▶ Exercise requirements
Please repeat word for word the line containing "Hot selling faux" and every following line up to and including the last one below, pictures excluded.

[Records contained in a dataset]
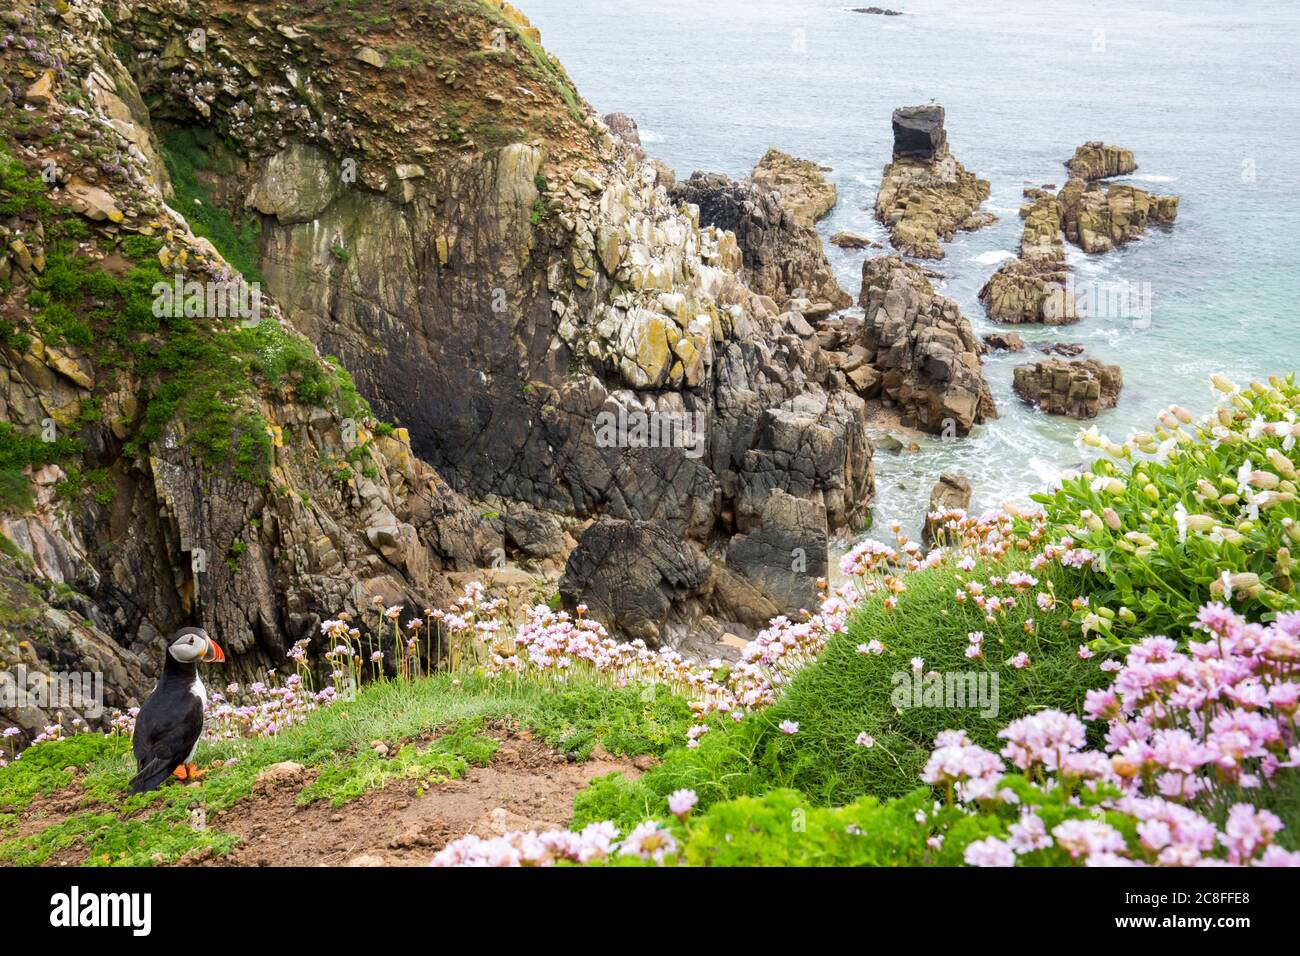 Atlantic puffin, Common puffin (Fratercula arctica), sitting on the egde of a cliff overlooking the ocean, Ireland, Saltee island Stock Photo
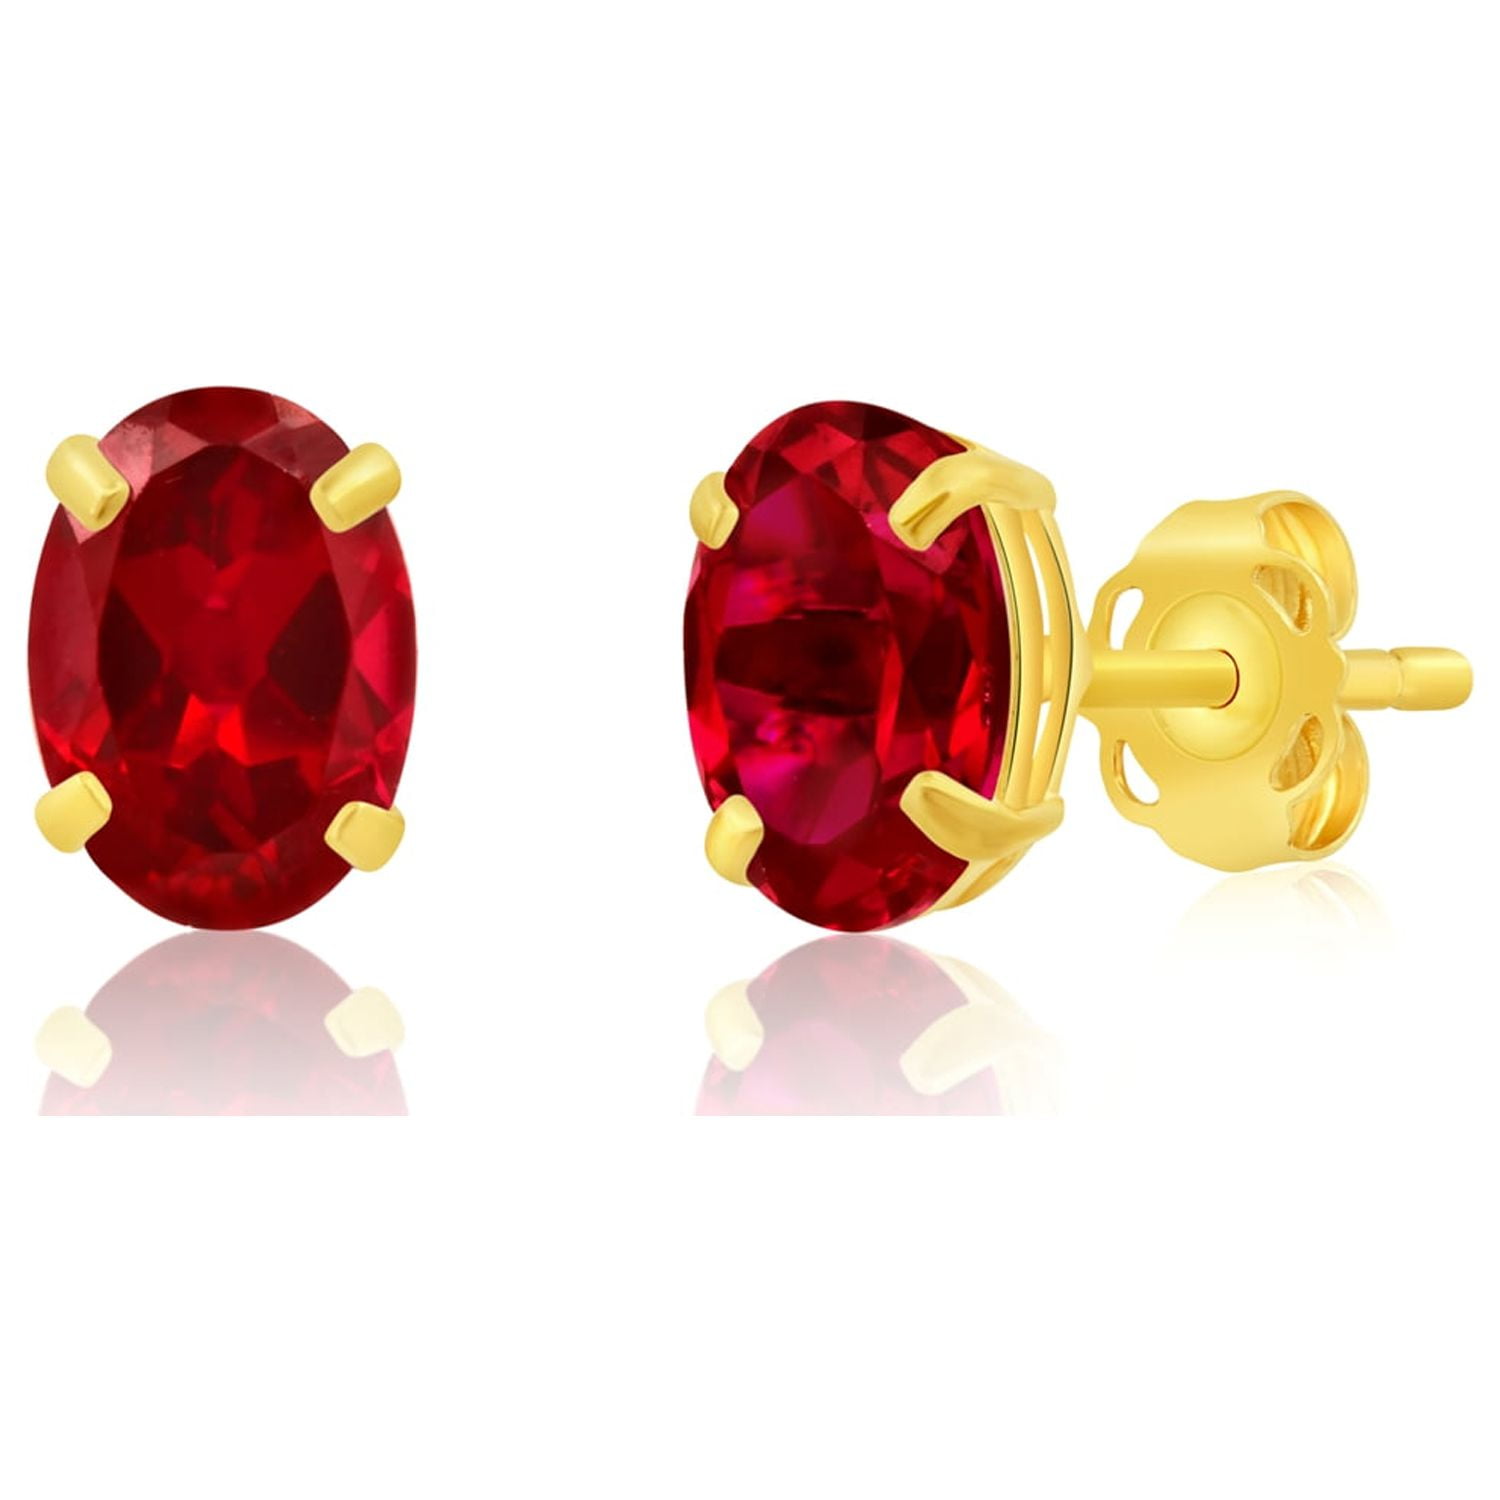 12-10 Carat Total Weight Ruby Stud Earrings 3 Prong India | Ubuy
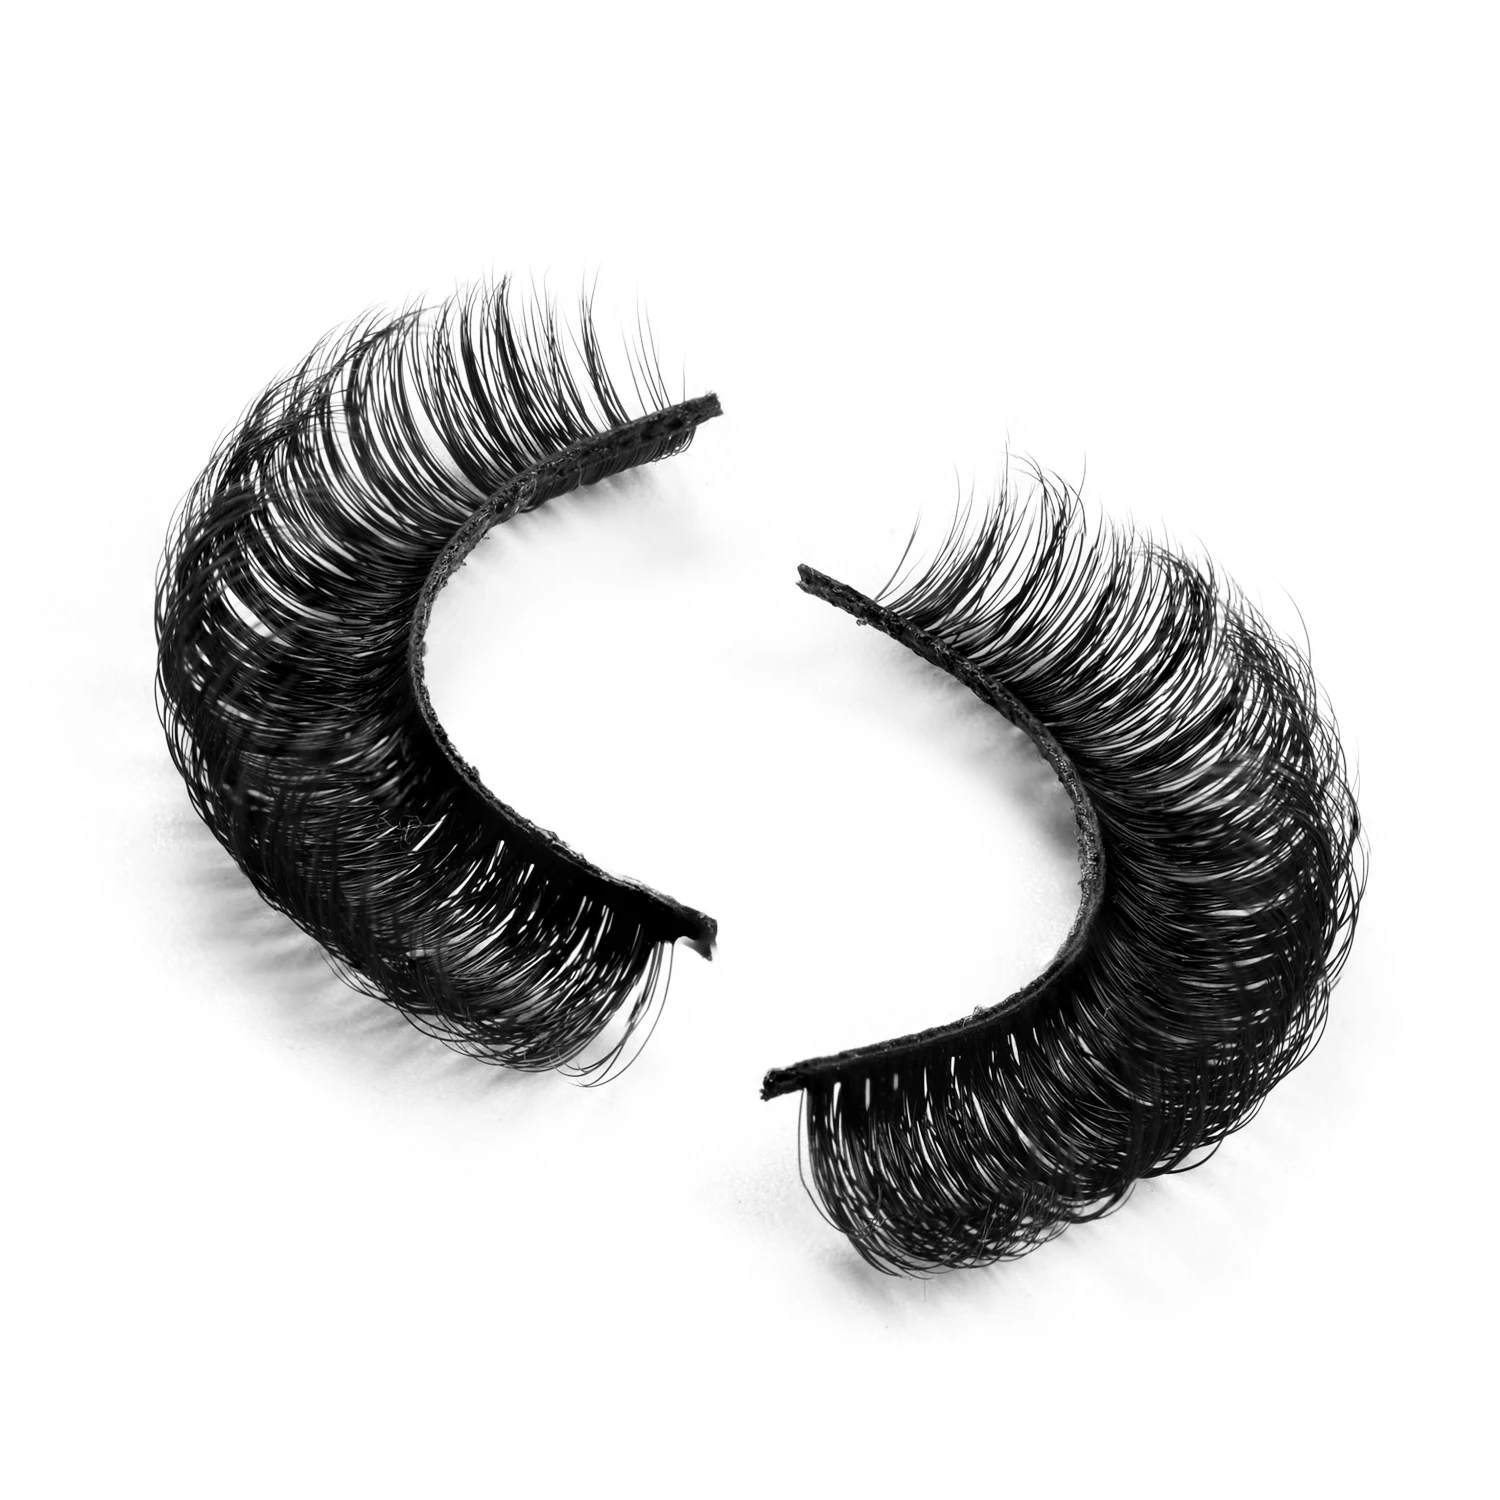 

Hot selling faux mink Russian strip lashes vegan D curl wink winged eyelash extensions extra curly C D curl lash strip
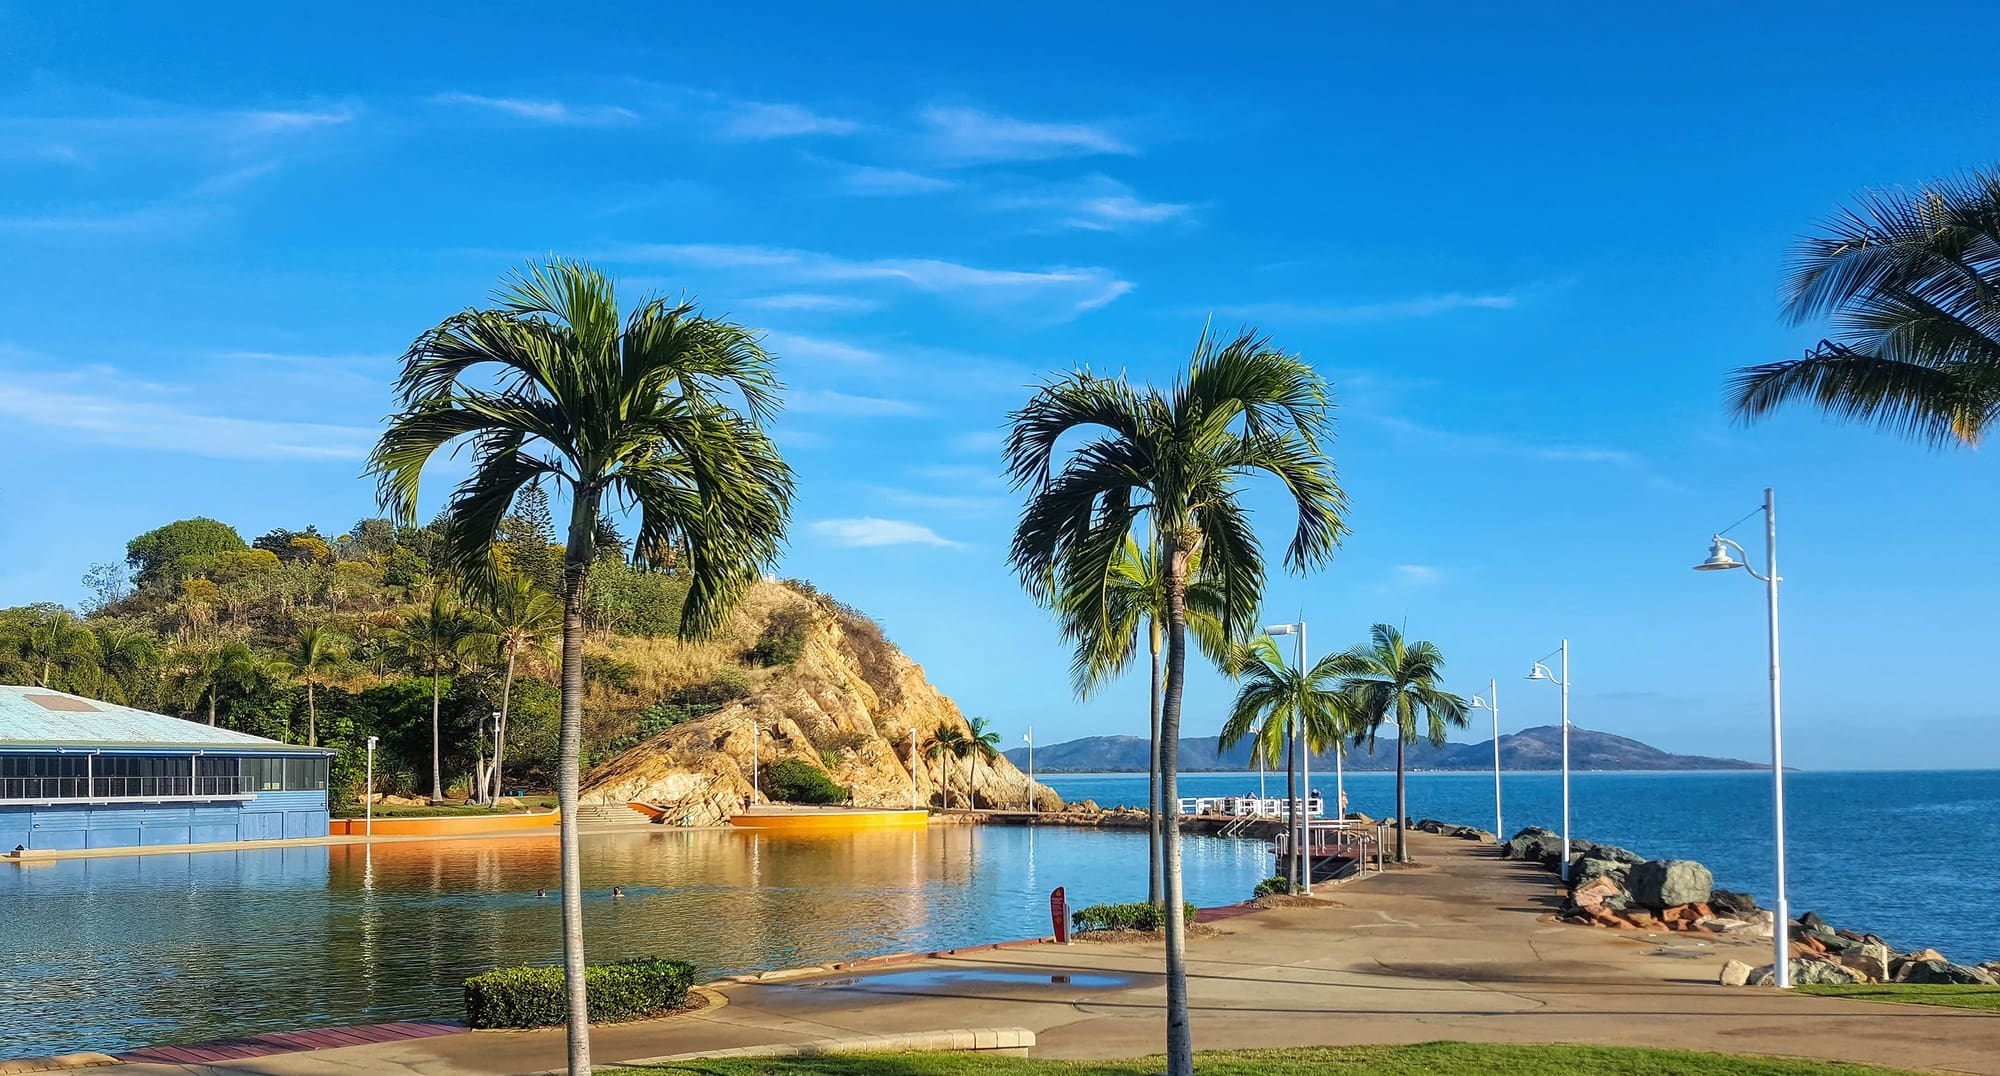 Five things to do in Townsville
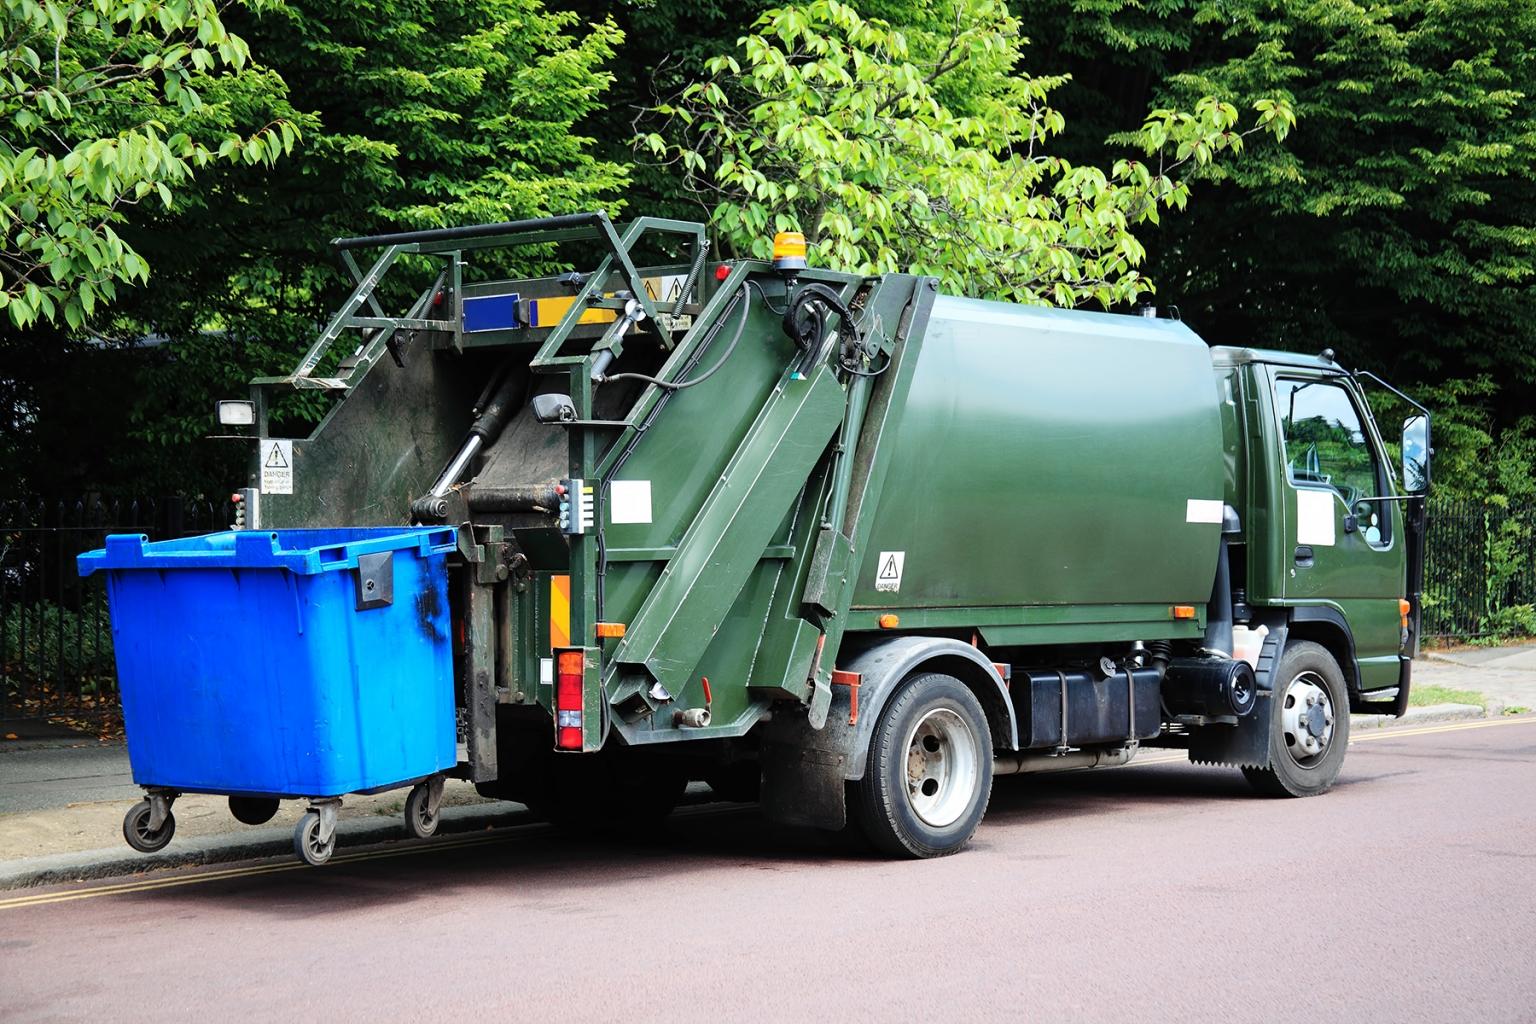 Garbage Pickup & Disposal Services in Toronto Ontario | Waste Removal

▶ Written reply
Hot selling faux mink Russian strip lashes vegan D curl wink winged eyelash extensions extra curly C D curl lash strip
 Five things to do in Townsville
 Garbage Pickup & Disposal Services in Toronto Ontario | Waste Removal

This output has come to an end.